Описание картины в рассказе даётся при разном освещении, с чем связаны разные впечатления у повествователя: при ярком освещении полотно «оживает», нарратор добавляет в него фантастические элементы: «ожили на картине крысы и вода, проснулась Тараканова»3.

Манера экфрастического описания («вербальной живописи») знакомого чеховскому герою живописного полотна, с одной стороны, схожа с художественными приёмами импрессионистов: смена впечатлений при разном освещении, поэтика недосказанности (условный краткий вербальный абрис полотна, рассчитанный на узнавание), перемещение акцента — с предмета (картины) на способ его трактовки (фантастическое описание) и т. д. А, с другой стороны, экфрастический приём в рассказе представлен именно в аспекте интермедиальности, т. е. с точки зрения представленности невербального художественного «языка» в словесном дискурсе.

Это приводит к тому, что пространство картины «размыкается» не только визуально, но и онтологически: в условно-фикциональном мире рассказа (Шабельский бор, дом Кандуриной) открывается выход в мир безусловно-реальный, где действительно существует живописное полотно с изображением женщины в каземате, написанное конкретным живописцем.

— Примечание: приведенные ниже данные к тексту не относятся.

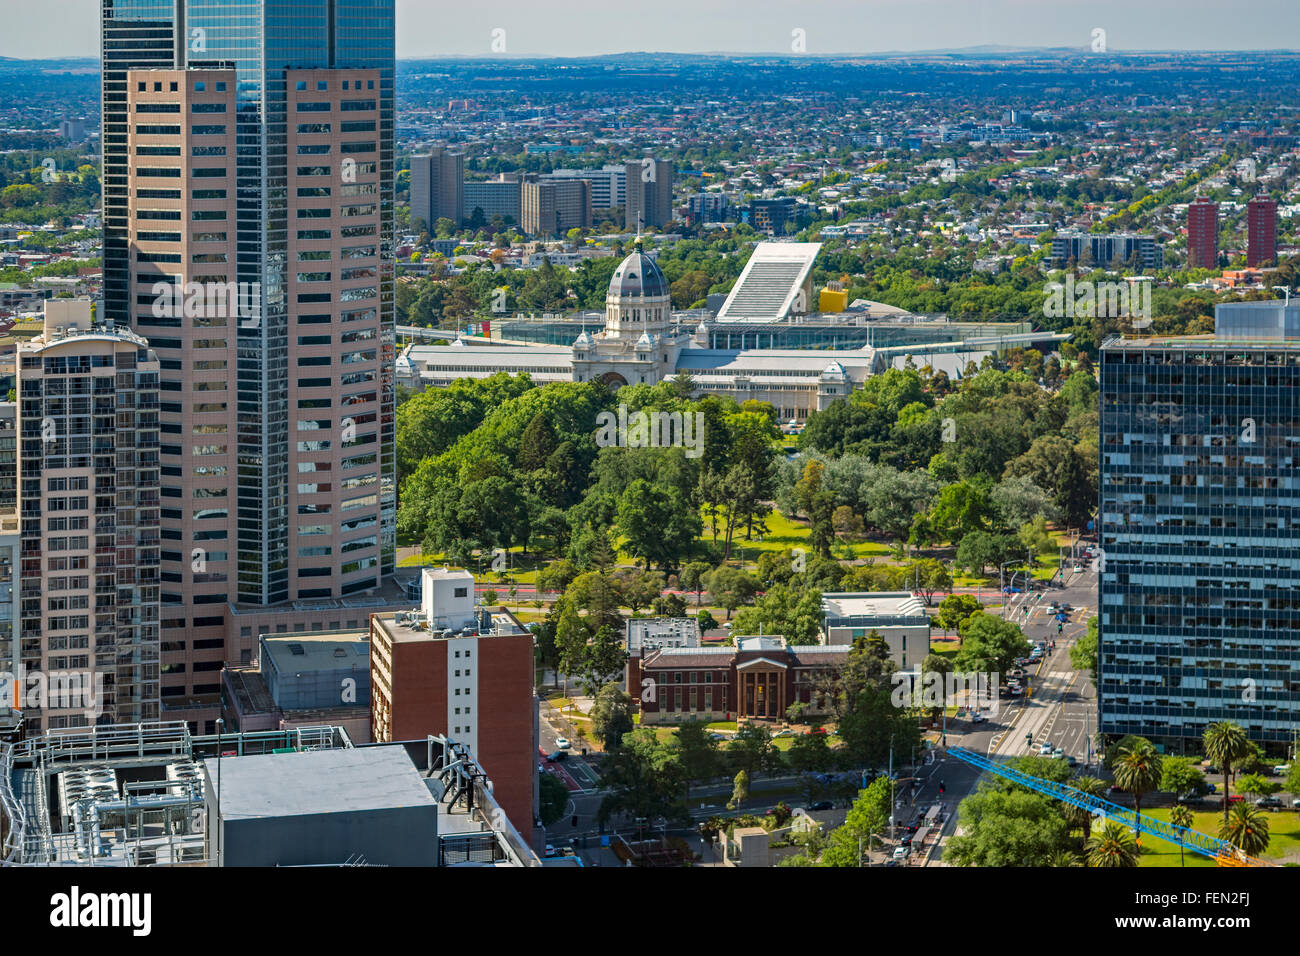 Panorama of Melbourne, Australia, showing Royal Exhibition Building and Carlton Gardens Stock Photo
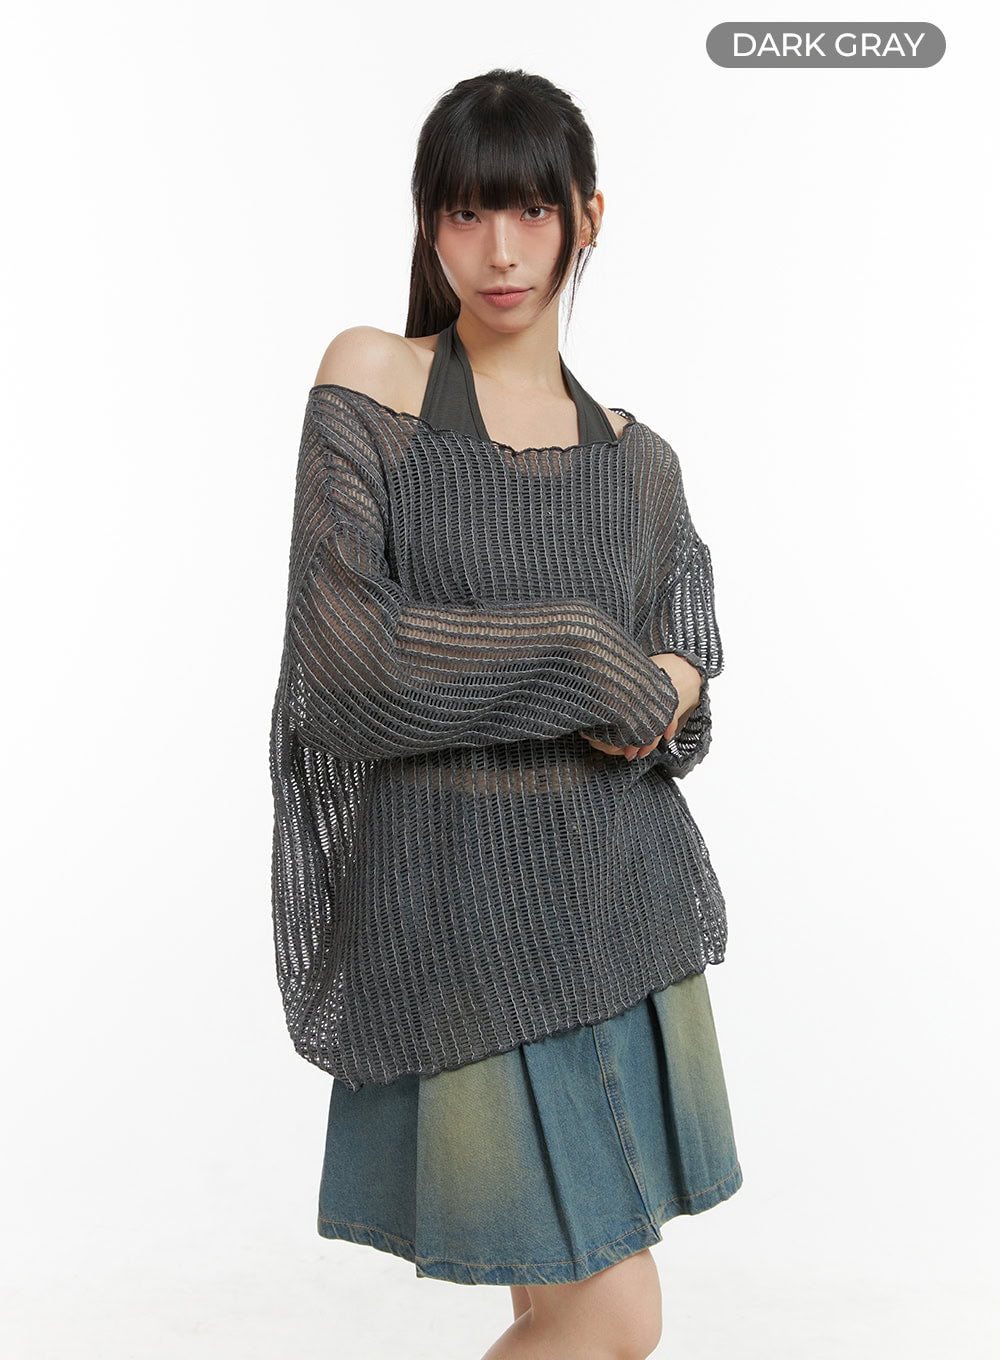 oversize-hollow-out-one-shoulder-knit-sweater-cl422 / Dark gray

Слово не может изобразить абсолютное сходство с картиной и превращение читателя в зрителя строится на кратком описании визуальных доминант полотна, которые «улавливаются» движением взгляда нарратора в доме. В пространство вклиниваются собственные интенции чеховского повествователя. Поэтому в рассказе экфрастическое описание редуцируется, а пространство «ирреальных» интенций становится формообразующим в сознании повествователя. Здесь можно вспомнить утверждение из диалога Коврина с чёрным монахом в рассказе «Чёрный монах» (1894) о фантастическом начале в природе: «Я существую в твоём воображении, а воображение твоё есть часть природы, значит, я существую и в природе»4.

Похожий приём Чехов использует и в других рассказах. В рассказе «Нервы» (1885), например, архитектор Ваксин, вернувшись после спиритического сеанса, не может уснуть после «страшных разговоров». Напротив кровати висит большой портрет дяди Клавдия Мироныча, и Ваксину кажется, что в полумраке является его тень: «Ему показалось, что над его головой кто-то тяжело дышит, точно дядя вышел из рамы и склонился над племянником...»5. Так возникает мистико-фантастическое описание полотна: «Напуганному воображению Ваксина казалось, что из угла кто-то смотрит и что у дяди мигают глаза»6.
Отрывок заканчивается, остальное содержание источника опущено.